Contracts for emergency response would have been awarded to government mates without the most basic assessment of adequacy or tender.

News Corp would have steered its coverage by reference to the government’s political interests. If minimising it was the line, they would have sent their junior reporters out to willingly trash the personal reputation of any whistleblowing doctors.

To round out the party, the opposition would have looked for a marginal seat angle, and someone in The Guardian would have argued that the infection model of disease was biologically reductive, white supremacist, inherently heteronormative, and that trying to stop a virus crossing the border was a legacy of 200 years of colonialism.

Look, I mean you know it would happen that way. Exactly that way. Will happen that way.

The truth is that both systems have a dimension of effectiveness in dealing with these categorical situations, and a dimension of failure. But we have no idea what the ratios are.

Fifteen hundred deaths is being waved around as an example of Chinese failure. Compared to what? Without the merciless quarantining of a whole region, would it be 10,000 by now? More? I don’t know and nor does anyone.
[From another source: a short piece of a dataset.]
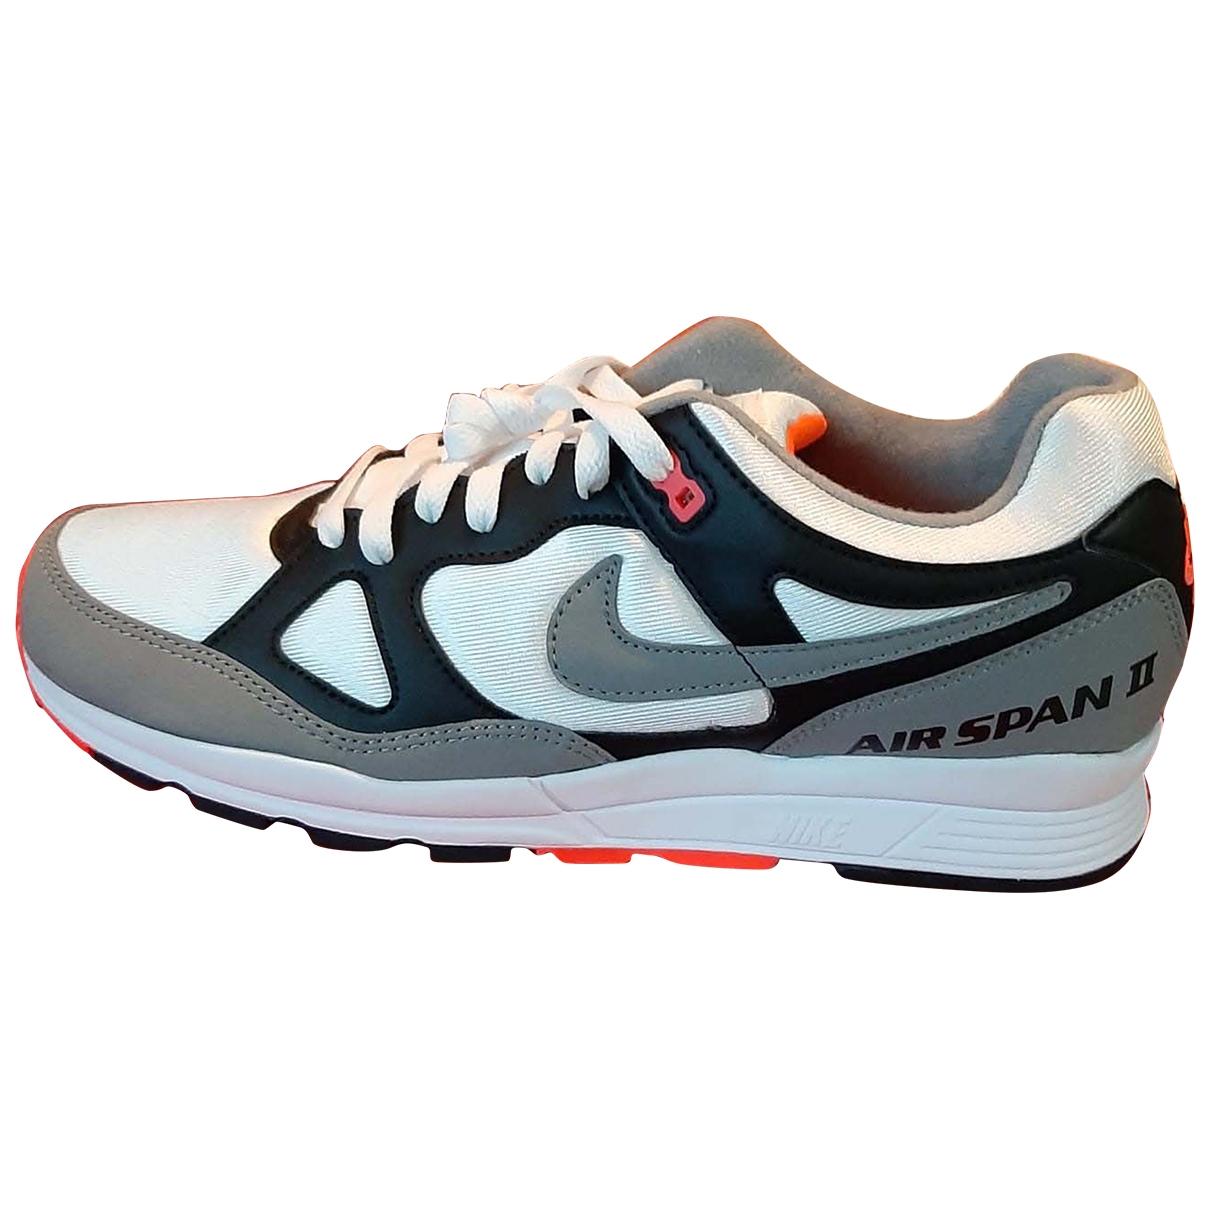 Nike Air Span II Sneakers in Leinen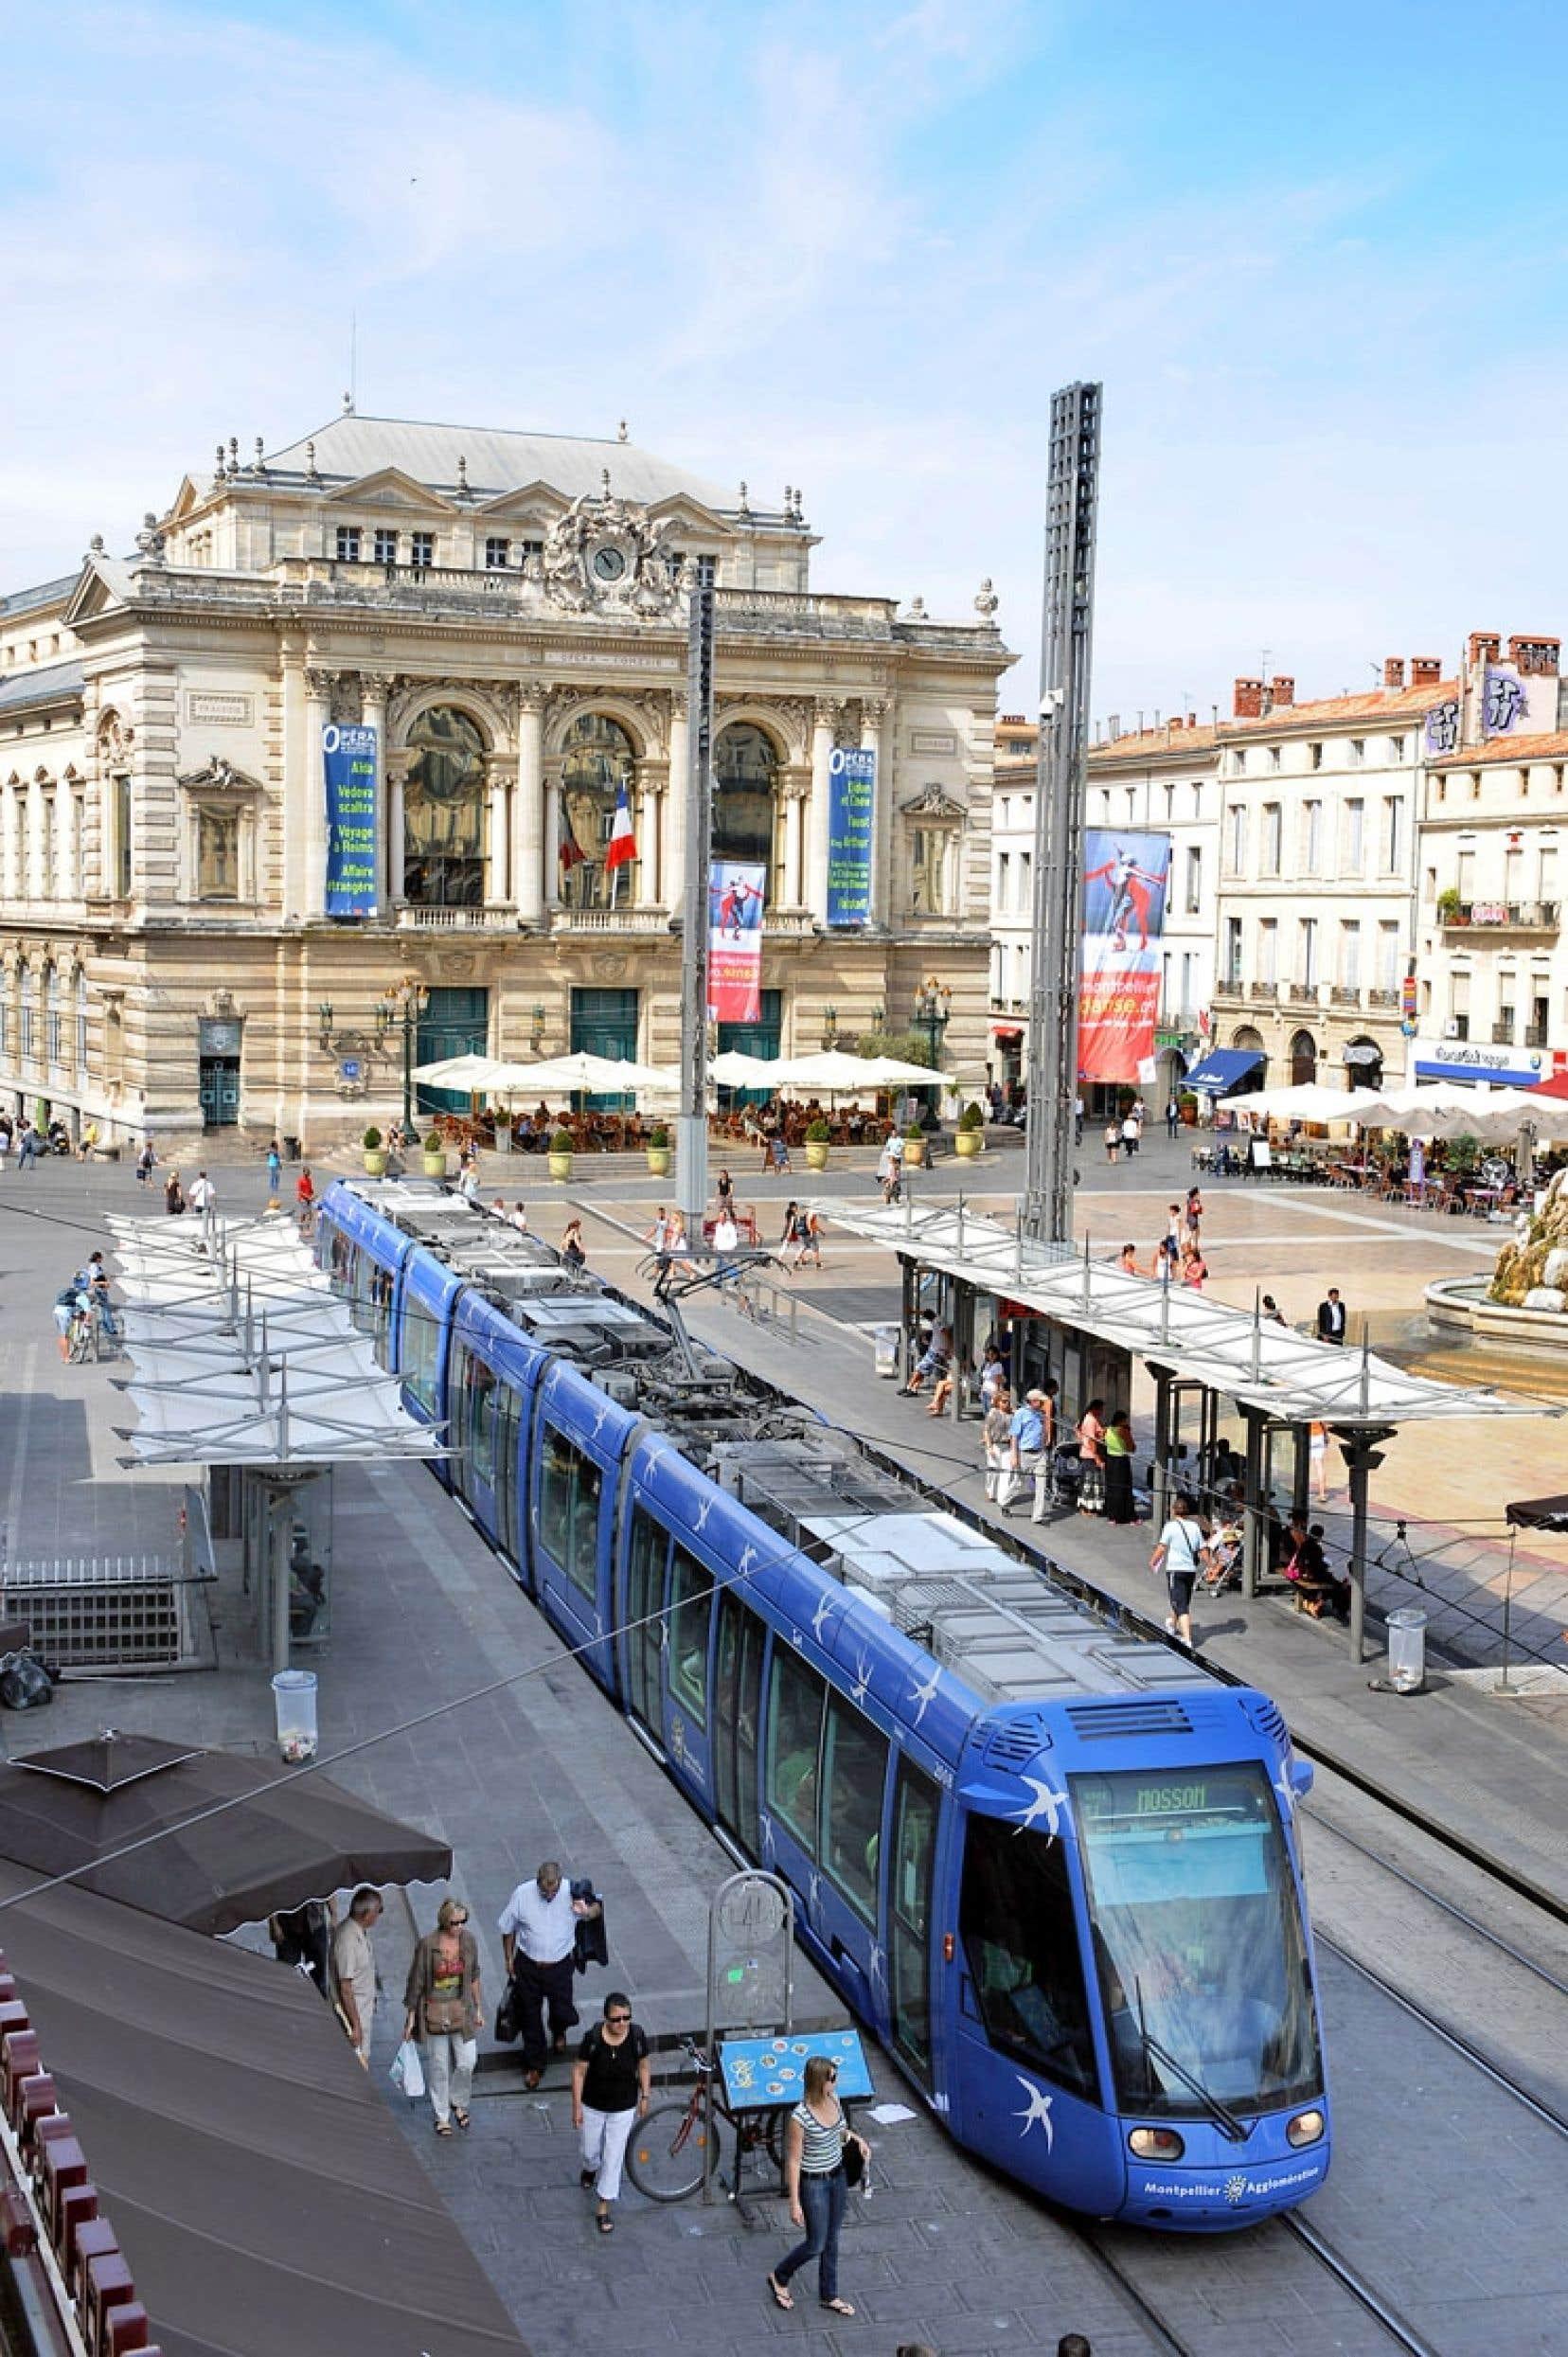 La ville de Montpellier, dans le sud de la France, est présentée comme l'un des modèles en matière d'exploitation de réseaux intelligents.

Would a dissident doctor’s raising of the alarm in the West have prompted efficient and clear-eyed action? Or arse-covering, and a story on page 29 behind debates about wokeness at the Oscars? I don’t know and nor does anyone.

The melancholy truth of Covid-19, and the fires, and whatever comes our way in March (or the second half of February) is that global systems of complexity — markets, travel, communications, trade, data-driven politics, mass extinction, climate change, disease vectors — have now started to bust out of any human containment system, least of all territorially bounded unitary authority of that 19-century product of the railway and the telegraph, the nation-state.

Government (derived from the Greek kybernan, which means to pilot a ship) is going to need to be reconstructed on a global scale, but also at a local one.

Sadly, it’s likely that only real catastrophe — not this petty deck-game of Covid-19 — will provide the moment by which that occurs.

In the meantime, locked in cabins, watching free political porn, we idle in the shallows with no charted course; and desperate to disembark from the cruise-ship metaphors.